Although students from impoverished parts of India still face many challenges, a mid-day meal programme is helping to keep more kids in the school.
Poor Indian children, both in urban centres and rural areas, are at a significant disadvantage when it comes to education. For them, facilities are often dilapidated, equipment is lacking or out of date, and many teachers do not receive the training they need.
One recent step, however, has brought measurable signs of improvement. The number of poor children enrolled in school is on the rise, and analysts say much of the credit goes to a programme, which provides lunch to pupils.
"Mid-day meals have increased enrolments by 5% to 40% in various districts of West Bengal that we have surveyed," Kumar Rana, a researcher with the NGO Pratichi Trust, told Khabar South Asia. The Trust was founded by Amartya Sen, who won the Nobel Prize for economics in 1998.
The Mid-day Meal Scheme (MDMS) was launched in 2001 following a Supreme Court order, but most states began to implement it starting in 2005, when the central government initiated its Sarva Shiksha Abhiyan (Education for All Mission) programme.
Since then, the impact has been striking, advocates say.
"Mid-day meals have increased primary school enrolments and also improve nutritional levels that affect learning abilities positively," said Delhi School of Economics Professor and education activist Jean Dreze, who along with Sen has long advocated the measure.
Anima Banerjee, 45, works as domestic helper in Kolkata, having left her family behind in the village.
"I could not afford to send my elder daughter to school. But my younger 10-year-old daughter goes to school," she told Khabar. "At least she gets to eat a proper lunch."
In the early years of the programme, Anima says, the mid-day meal was not so successful in the villages. The school handed out fixed quantities of rice each month to all enrolled students. But the children started attending school only on the days rations were doled out and worked in the fields for their livelihoods the rest of the month.
Now instead of the rationed rice, cooked meals help schools retain children in the classroom through the entire month.
According to local teachers, schools have had to search for creative solutions in administering the lunch programme because they lack adequate staff and infrastructure.
"We have to use one of the classrooms for cooking and also serve the food in the respective classrooms," Aleya Bandopadhyay, 55, headmistress of the Rishra Pyare Mohan Municipality Primary School, located northwest of Kolkata," she told Khabar, adding, " None of the local primary schools has the space for a separate lunch room."
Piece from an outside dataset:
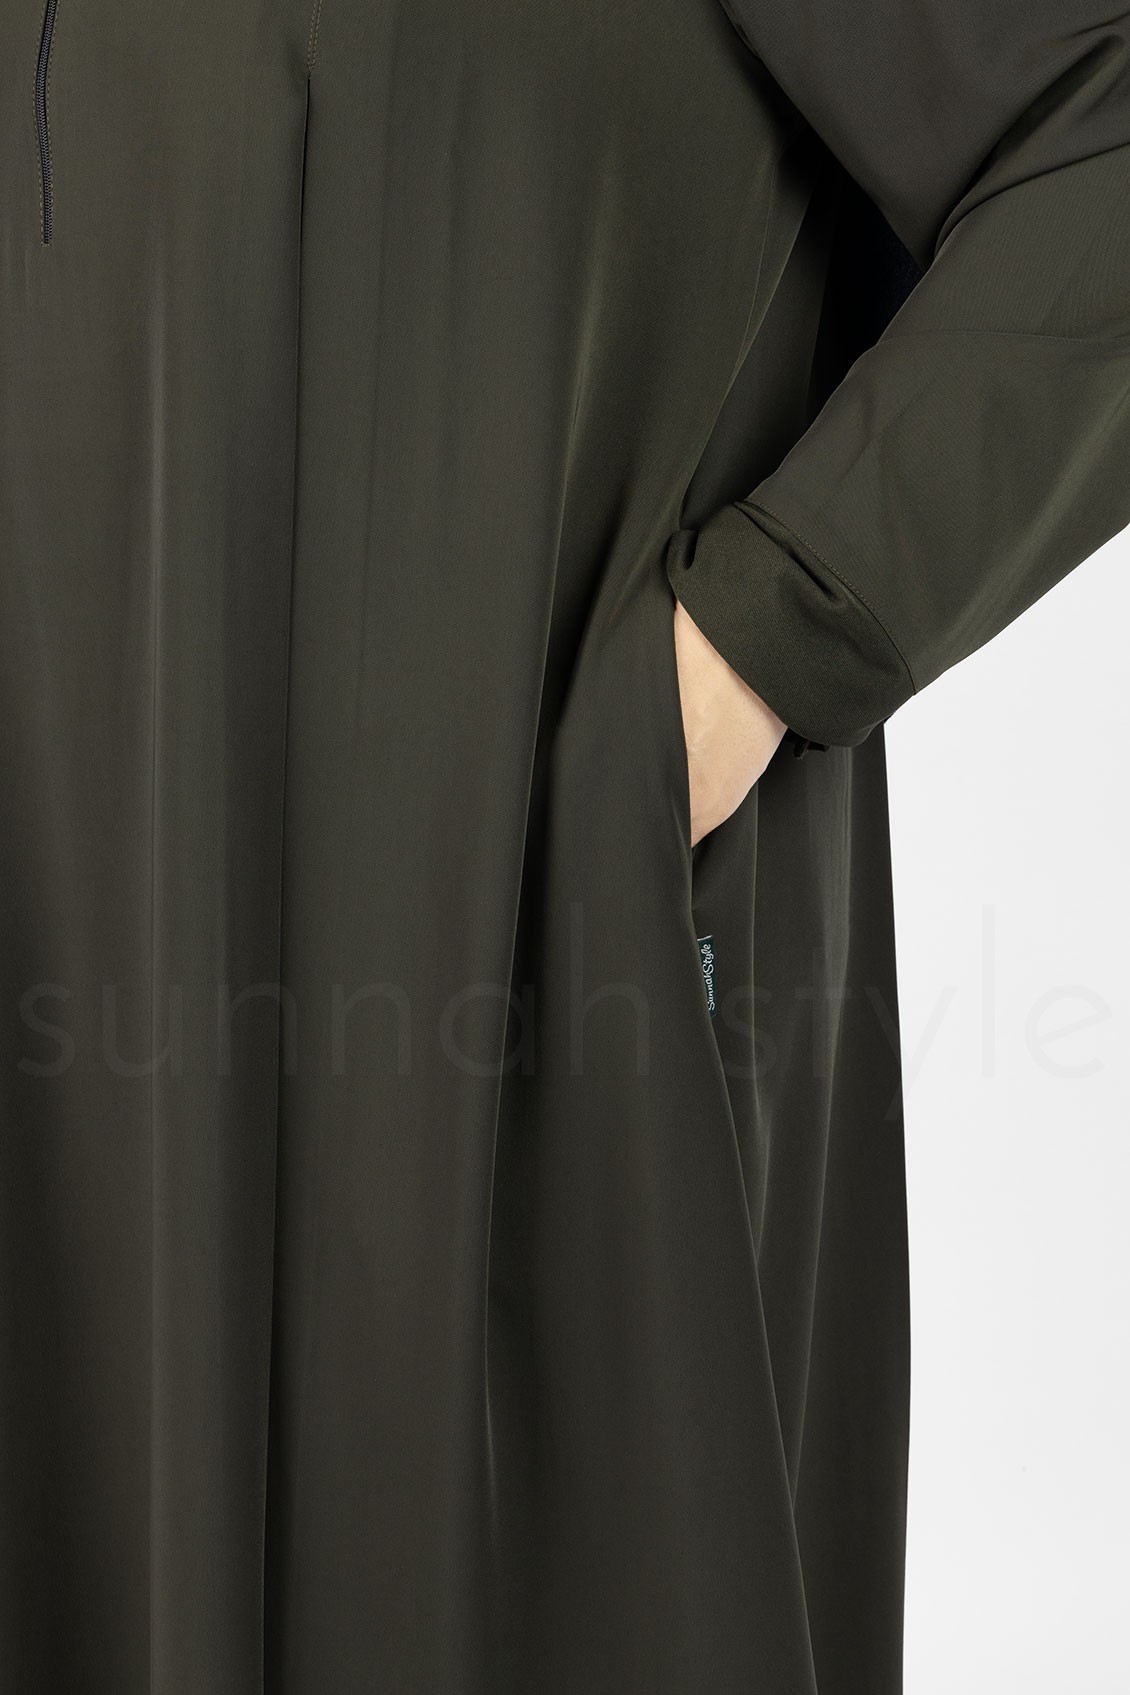 Sunnah Style Belle Umbrella Abaya Midnight Green

"Preparing the children for the meals and cleaning up the rooms after the meals take up some teaching time," she said. Moreover, she added, maintaining accounts and invoices with no additional manpower is difficult.
Nevertheless, the mission is administered well and the funds pay for a nutritious meal for students, Bandopadhyay said. The funds come on time and are enough to provide a nutritious meal.
The lunches and higher enrolment numbers represent a bright spot in an educational sector, which analysts say is in urgent need of investment.
In particular, says National Commission for the Protection of Child Rights chair Shantha Sinha, India desperately needs more and better-trained teachers.
"There are 700,000 untrained teachers in the country, besides another 700,000 vacancies that need to be filled up," he said.